Although Mat Brooke and Jenn Ghetto formed Carissa's Wierd in Tucson in the mid-'90s—they're natives—they found their footing once they settled in Seattle, becoming one of the most revered acts in the Pacific Northwest until splitting up in 2003. Ghetto continues to record under the name S, while Brooke helped Ben Bridwell, another Carissa's Wierd veteran, get his Band of Horses running before forming Grand Archives.
Perhaps if they had signed that Sub Pop contract that they turned down, the band's popularity in the Pacific Northwest would have been matched in the rest of the country. Hardly Art, a Sub Pop subsidiary, will soon reissue the original albums, but the initial shot out of the canon (pun intended) is this 16-song anthology.
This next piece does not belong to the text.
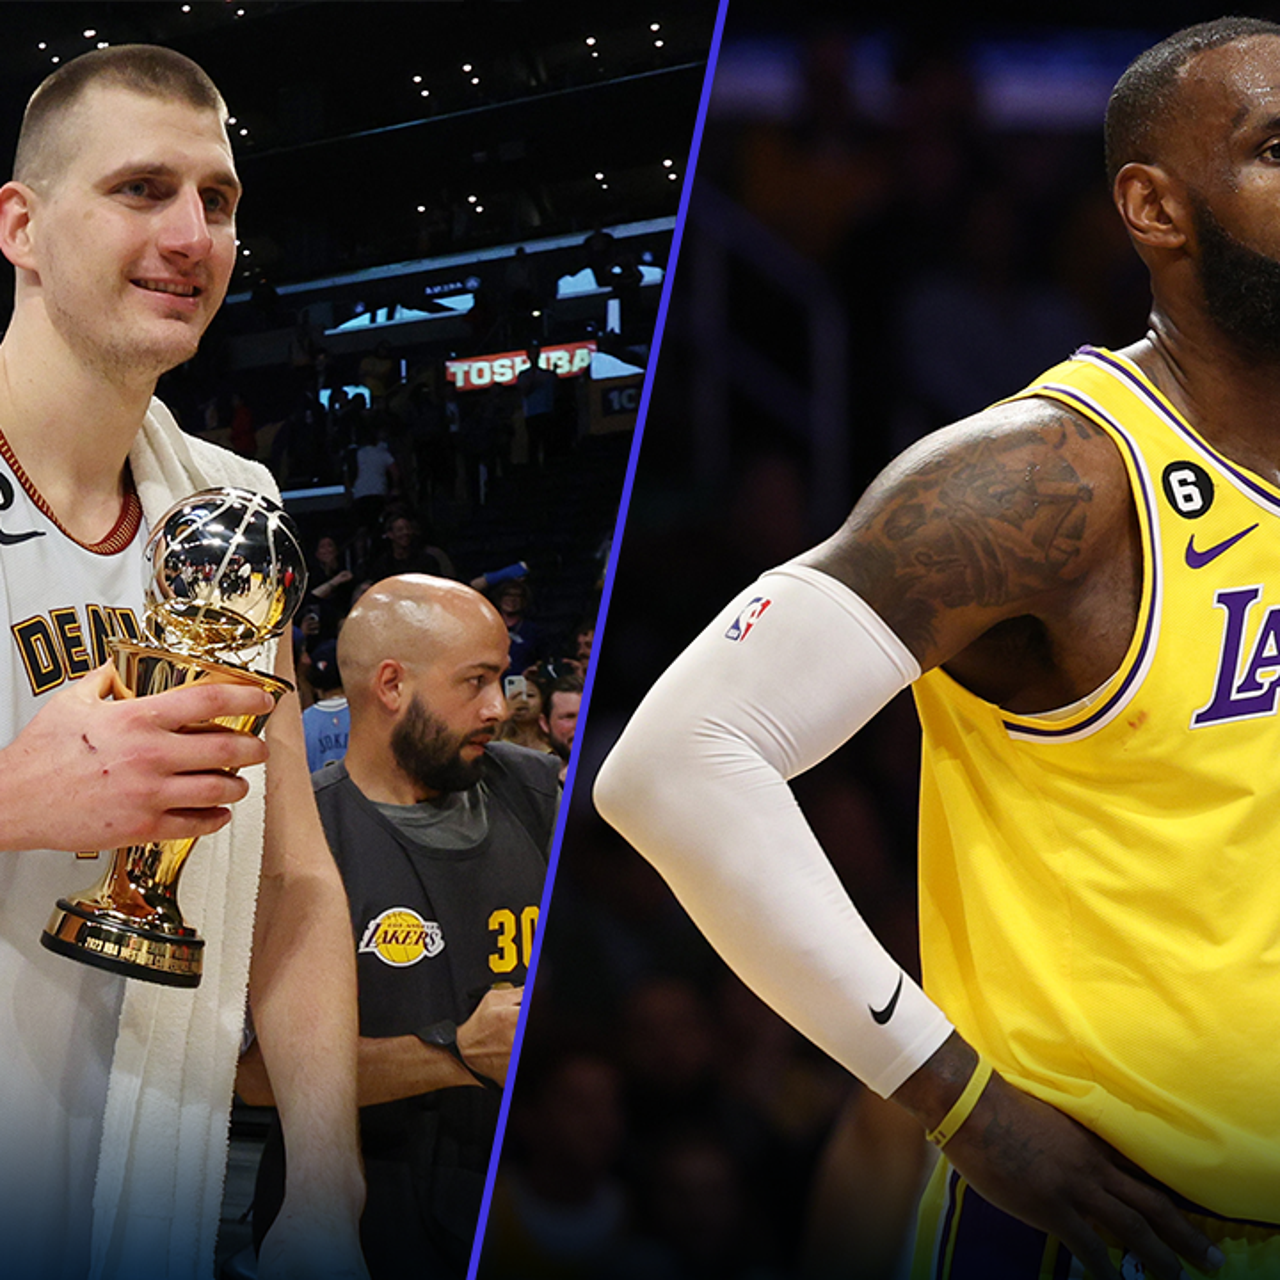 Nuggets sweep LeBron, Lakers and will head to franchise's first NBA Finals

Though Carissa's Wierd's arrangements got more complex as they progressed and added members, there is a hushed beauty that runs throughout these songs. Brooke and Ghetto's voices rarely rise above a whisper (they're best when they sing together), and there's a lovely balance of resignation and determination. The melodies may be delicate, but the mood is heavy with loss, longing and hope. That they're able to pull off dynamic changes within those confines is remarkable: Check out the way "The Color That Your Eyes Changed With the Color of Your Hair" dramatically builds in its 5 1/2 minutes. And if you're not mesmerized by the interplay between Brooke and Ghetto's countermelodies on "Die," chances are you never much cared for Elliott Smith, either.